As of December 31, 2014, a third-party accounting services provider, Stone Coast Fund Services (“SCFS”), provided, among other items, trade-entry portfolio accounting; general ledger and expense accounting; and preparation of draft financial statements and footnotes in accordance with U.S. GAAP. The Company as of December 31, 2014 had in place controls for:
i) | the review of draft financial statements and footnotes prepared by SCFS for accuracy and completeness relative to U.S. GAAP via the use of a GAAP disclosure checklist (the “GAAP Control”); |
ii) | the preparation of the necessary Management’s Discussion & Analysis of Financial Condition and Results of Operations (“MD&A”) section of each filing relative to an MD&A disclosure checklist; and |
iii) | the preparation of an integrated filing document in conformity with SEC disclosure requirements for a public company, via the use of an SEC disclosure checklist process (the “SEC Disclosure Control”). |
1 |
In the preparation of the 2014 10-K, as a result of an administrative oversight, the SEC Disclosure Control did not operate effectively to identify that the “roll-forward” of the Company’s 2013 Form 10-K disclosure (which included financial statements for each of the two years since the Company’s formation in 2012) into the 2014 10-K did not adequately capture the required third year of financial statements (for the period from May 16, 2012, commencement of operations, to December 31, 2012).

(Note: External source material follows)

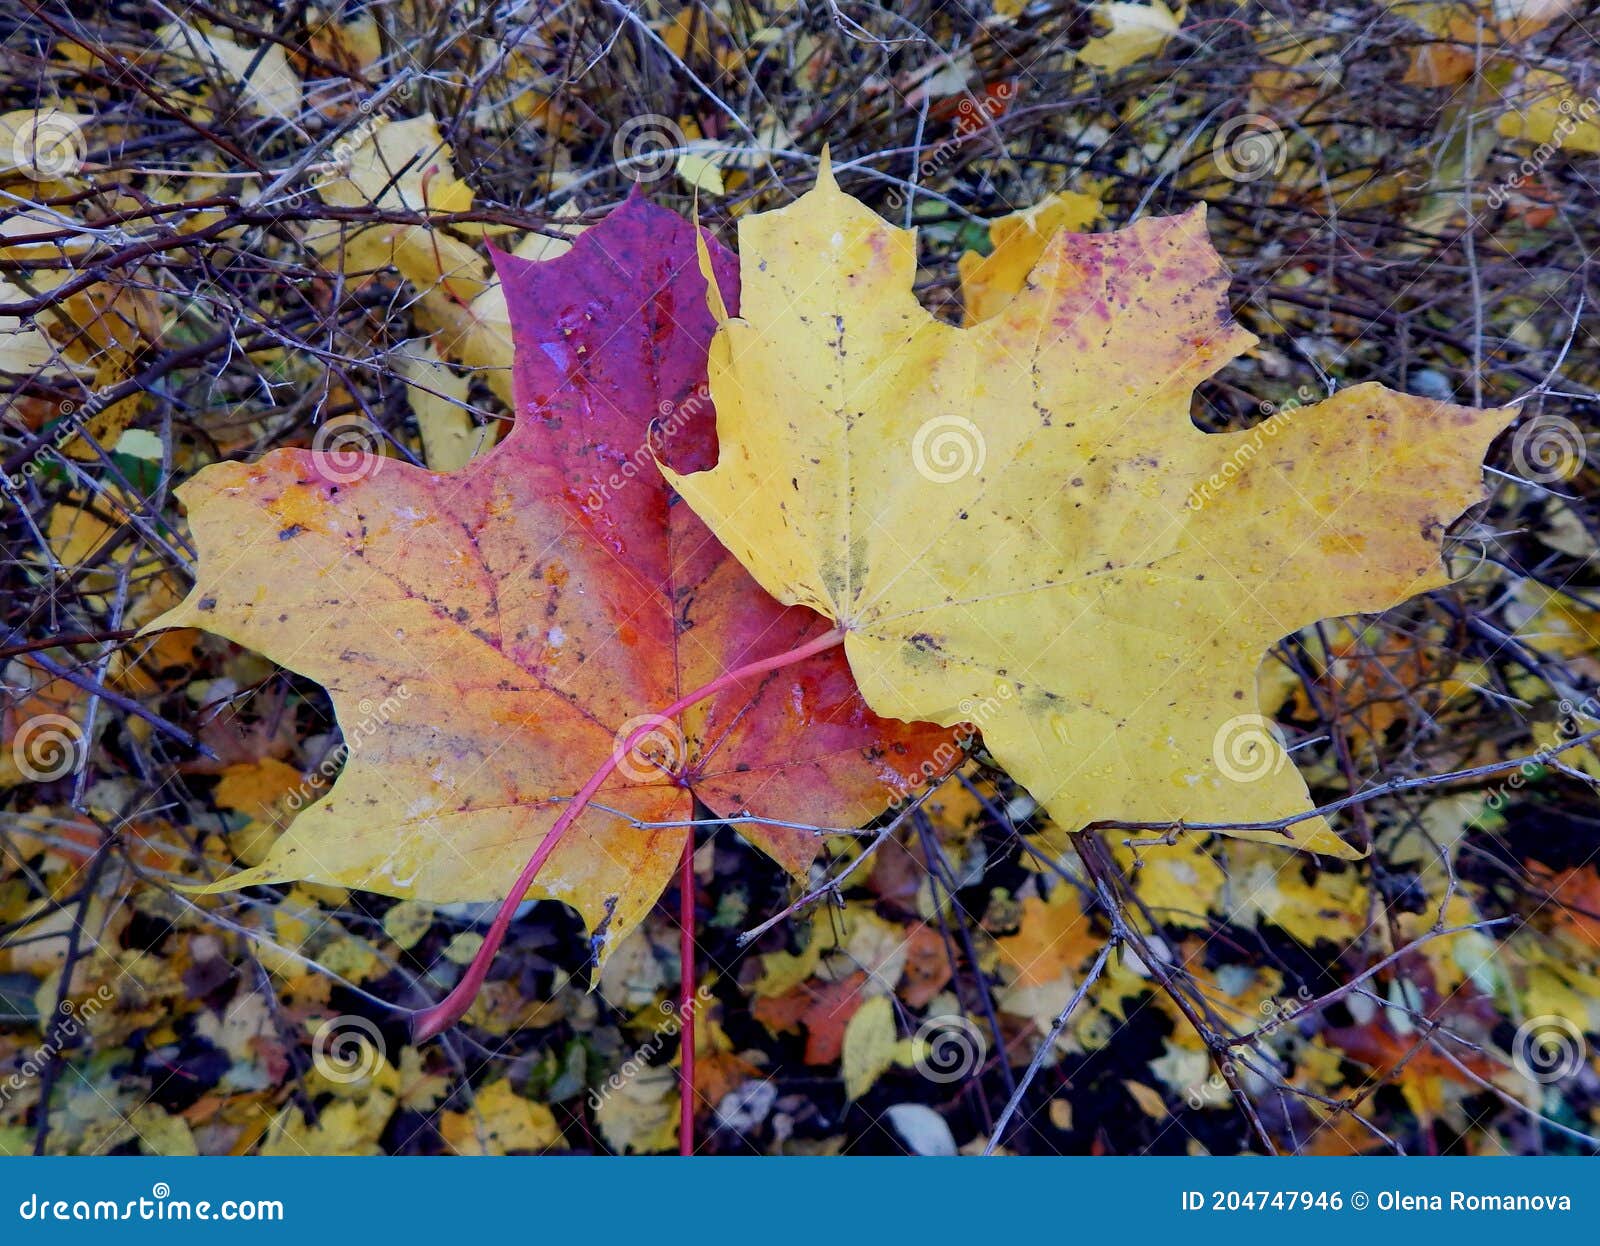 Two Fallen Maple Leaves Yellow and Red on the Ground among Leaves and ...
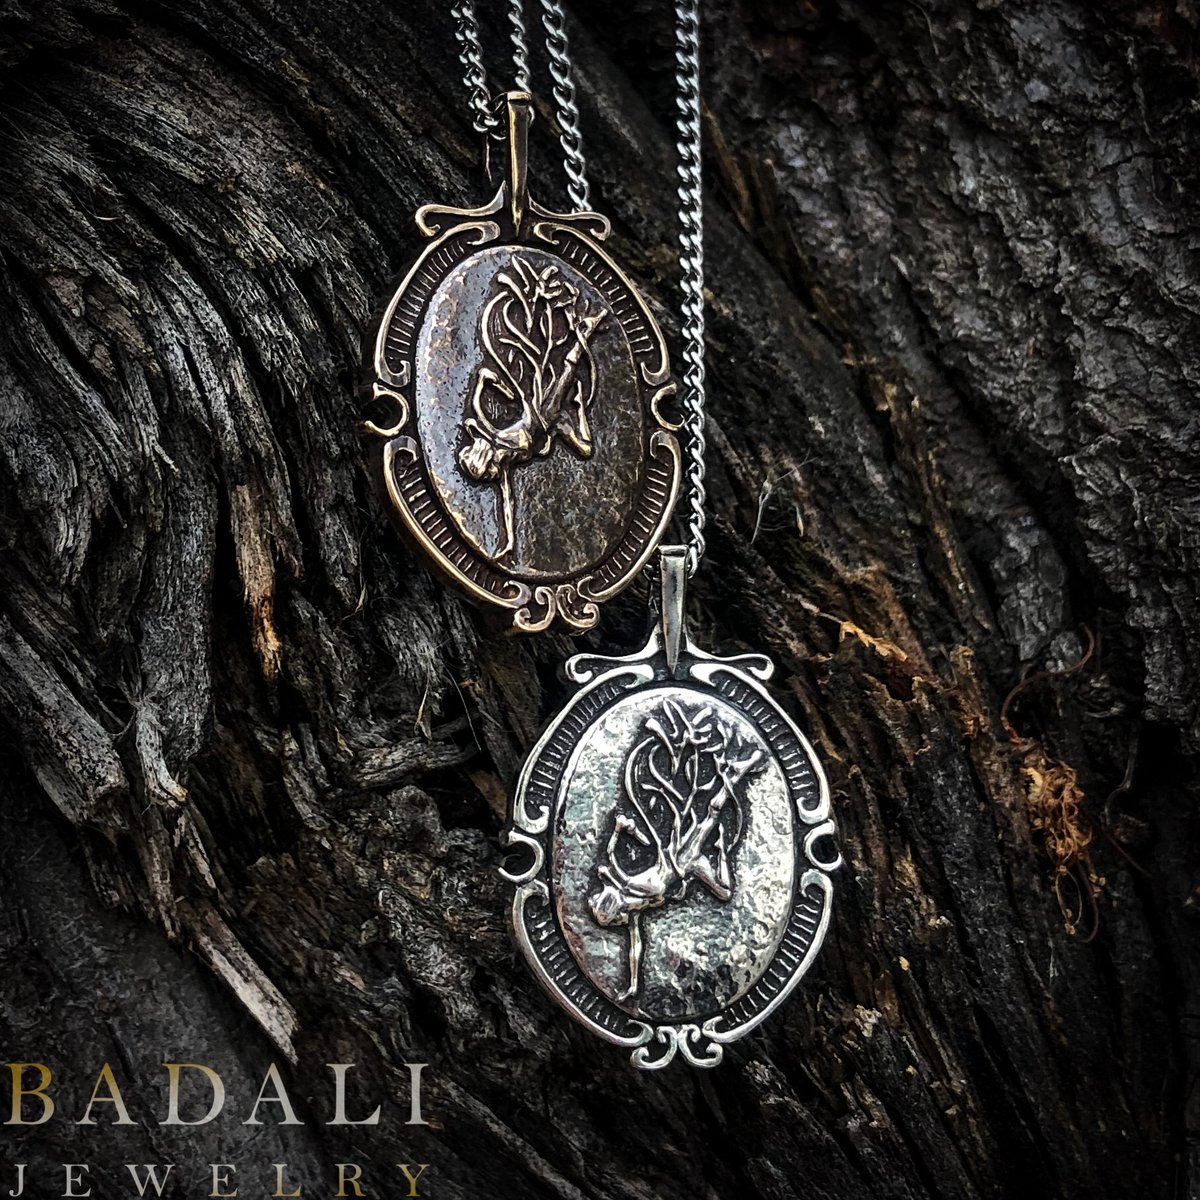 “I represent that one thing you’ve never been able to kill, no matter how hard you try. I am hope.” badalijewelry.com/collections/mi… @BrandSanderson @IzykStewart @DragonsteelBook #Cosmere #Mistborn #mistborntrilogy #ascendantwarrior

The specific control that failed was a sufficient level of review of an SEC disclosure checklist to identify the appropriate financial statement periods to be disclosed in the 2014 10-K. As a result and as noted in our March 25th letter, the Company’s principal executive officer and principal financial officer concluded that based on this deficiency, the operation of its disclosure controls and procedures (“DCPs”) were not effective at December 31, 2014.
Please see our March 25th letter for the steps the Company has taken to remediate this failure.
• Explain in detail how the control that failed is related only to disclosure controls and procedures and is not a control that overlaps with internal control over financial reporting (ICFR). For example, if the control that failed was the review of a disclosure checklist, please tell us whether this control also covers the U.S. GAAP disclosures and if so, why the failure of this control does not represent a control failure under ICFR.
The Company notes that Section II.D. of the Commission’s Release No. 33-8238 (the “ICFR Release”) discusses the differences between internal control over financial reporting (“ICFR”) and DCPs. The ICFR Release states that: “While there is substantial overlap between a company's disclosure controls and procedures and its internal control over financial reporting, there are …elements of disclosure controls and procedures that are not subsumed by internal control over financial reporting…” Thus, DCPs may be ineffective for reasons unrelated to ICFR.
As addressed above, the control that failed was the adequate review of an SEC disclosure checklist, which included the financial statement periods to be covered by the 2014 10-K. The control that failed did not cover U.S. GAAP disclosures which were covered by our GAAP Control. DCPs are “… designed to ensure that information required to be disclosed by the company in the reports that it files or submits under the Exchange Act is recorded, processed, summarized and reported, within the time periods specified in the Commission's rules and forms.” In this case, a deficiency in the operation of the Company’s DCPs occurred because specified financial statements that were required by SEC rules to be disclosed by the Company in its 2014 10-K were not so disclosed. The financial statements at issue, however, had been previously prepared in conformity with U.S. GAAP and disclosed publicly in connection with the Company’s initial public offering and in the Company’s Annual Report on Form 10-K for the year ended December 31, 2013. As a result of an administrative oversight, however, the Company neglected to include such financial statements in the 2014 10-K.
2 |
ICFR is a process intended “to provide reasonable assurance regarding the reliability of financial reporting and the preparation of financial statements for external purposes in accordance with generally accepted accounting principles.” The control failure in this case had no impact on either the reliability or the integrity of the Company’s financial statements included in the 2014 10-K. Furthermore, a company must conclude that its ICFR is ineffective if there is a material weakness in such ICFR. The SEC has defined a “material weakness” in ICFR to be "a deficiency, or a combination of deficiencies, in internal control over financial reporting such that there is a reasonable possibility that a material misstatement of the registrant's annual or interim statements will not be prevented or detected on a timely basis." (See Release No. 33-8809; and Exchange Act Rule 12b-2). In addition, the Commission has stated that management’s evaluation of ICFR begins with the identification and assessment of risks to “materially accurate financial statements”. See Release No. 33-8810; 34-55929 at pg 12.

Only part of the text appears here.